[[ Data shown open ]]

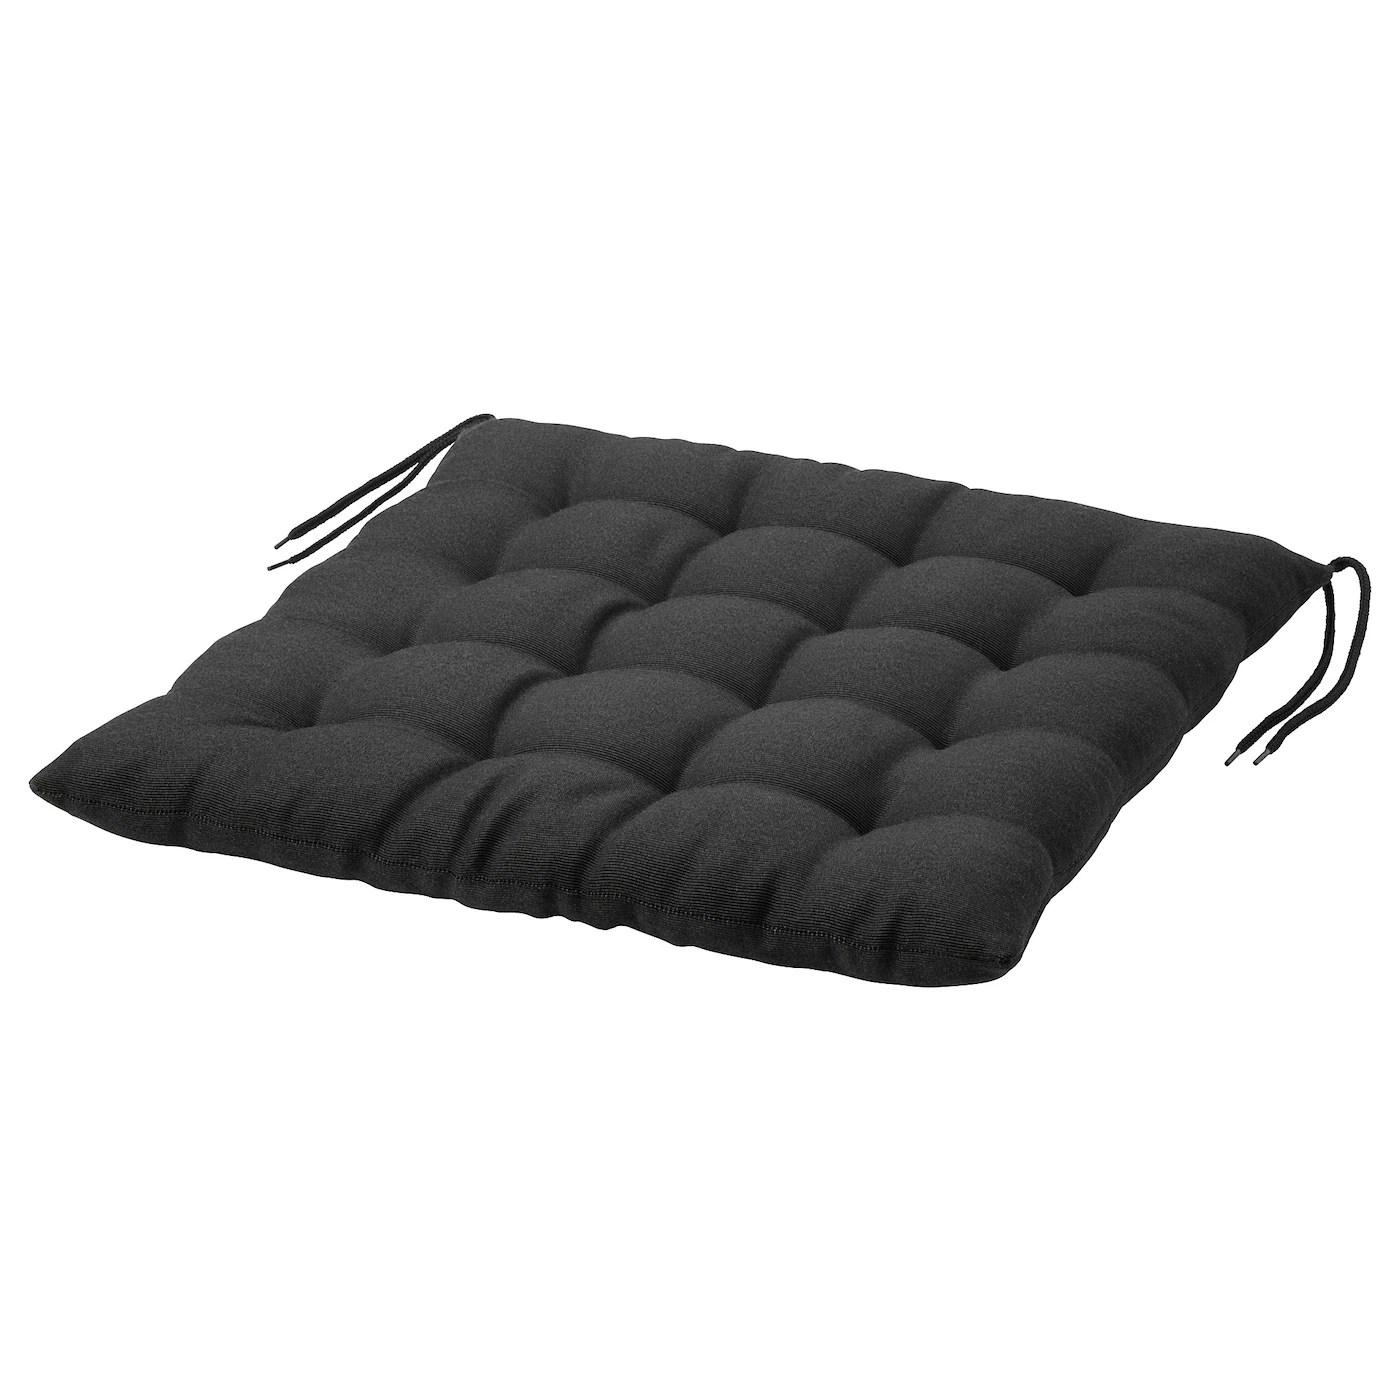 chair cushions with ties ikea black sequin covers hÅllÖ cushion outdoor 50 x cm
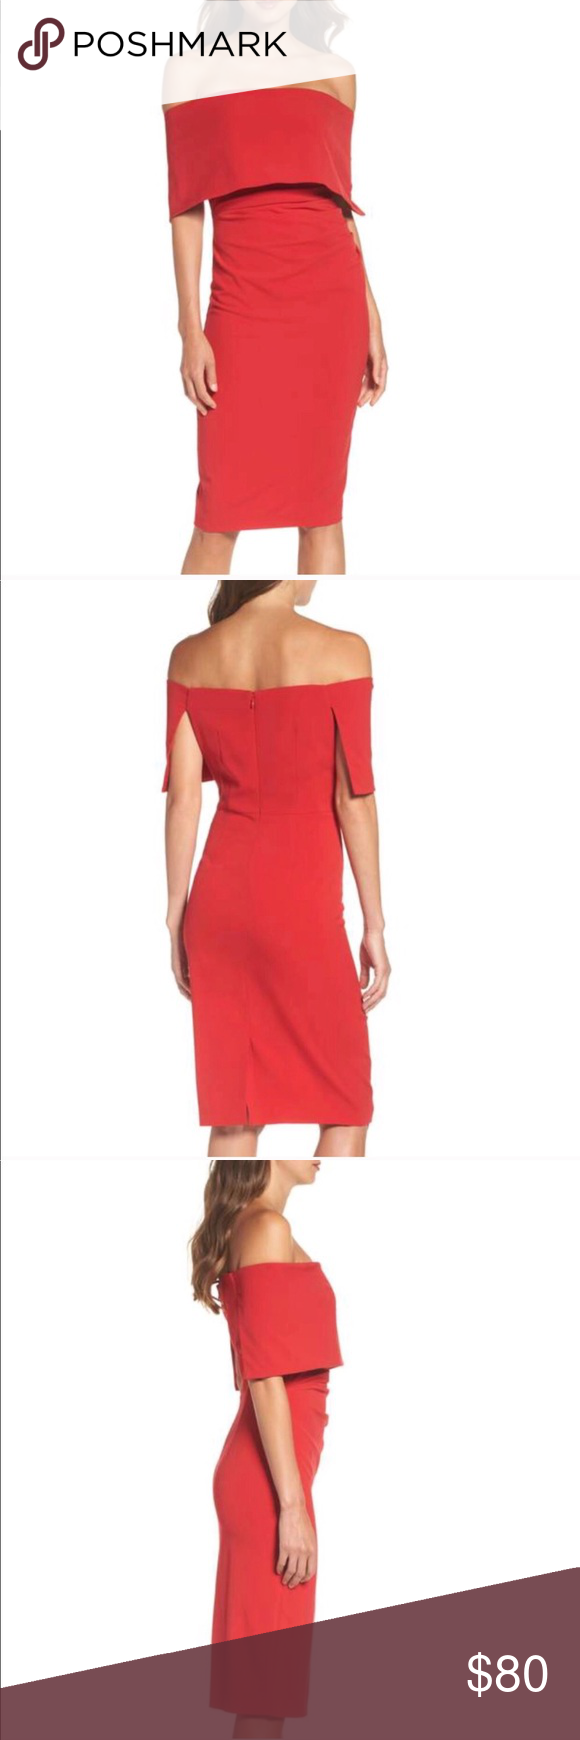 Popover Midi Red Dress Red Midi Dress Dresses Clothes Design [ 1740 x 580 Pixel ]
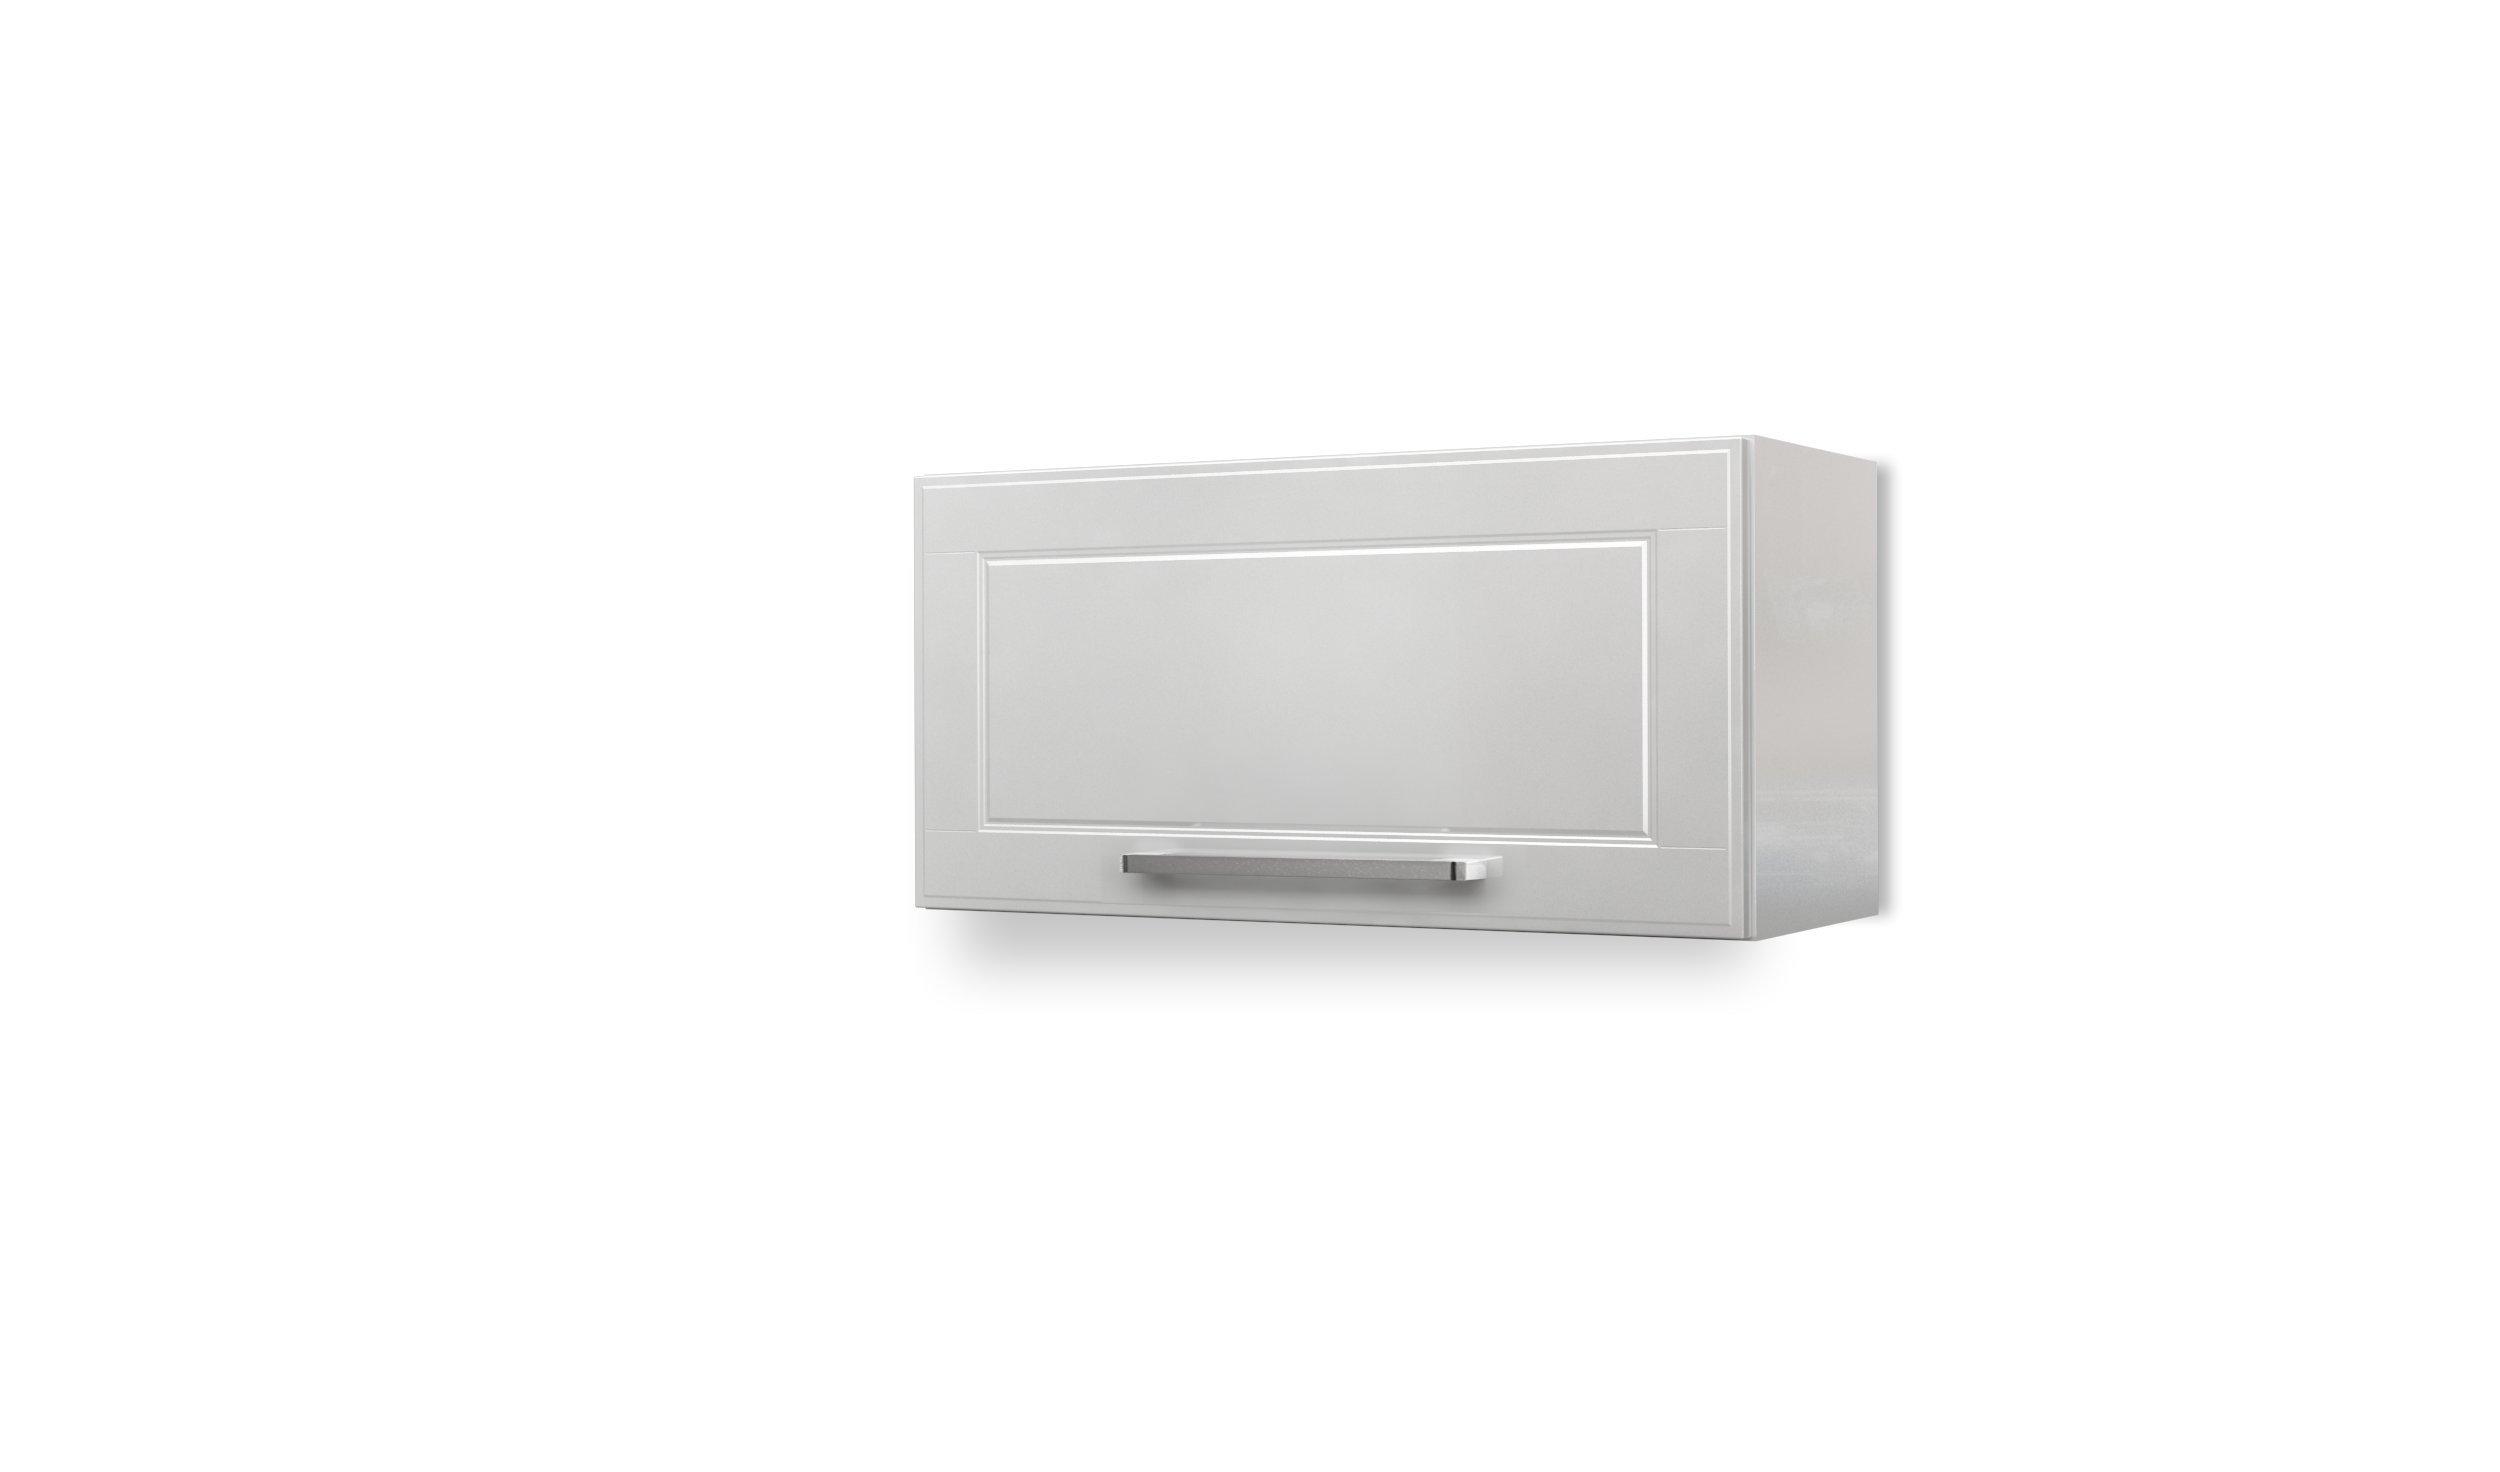 BSK Wall Steel Kitchen Cabinet 1 Hydraulic Door 27'' W x 14'' H, (White)

[[ Data shown closed ]]

• [Problem]
Pictures are to be left out; repeat all the remaining data exactly.

• [Task answer]
 chair cushions with ties ikea black sequin covers hÅllÖ cushion outdoor 50 x cm
 Popover Midi Red Dress Red Midi Dress Dresses Clothes Design [ 1740 x 580 Pixel ]
 BSK Wall Steel Kitchen Cabinet 1 Hydraulic Door 27'' W x 14'' H, (White)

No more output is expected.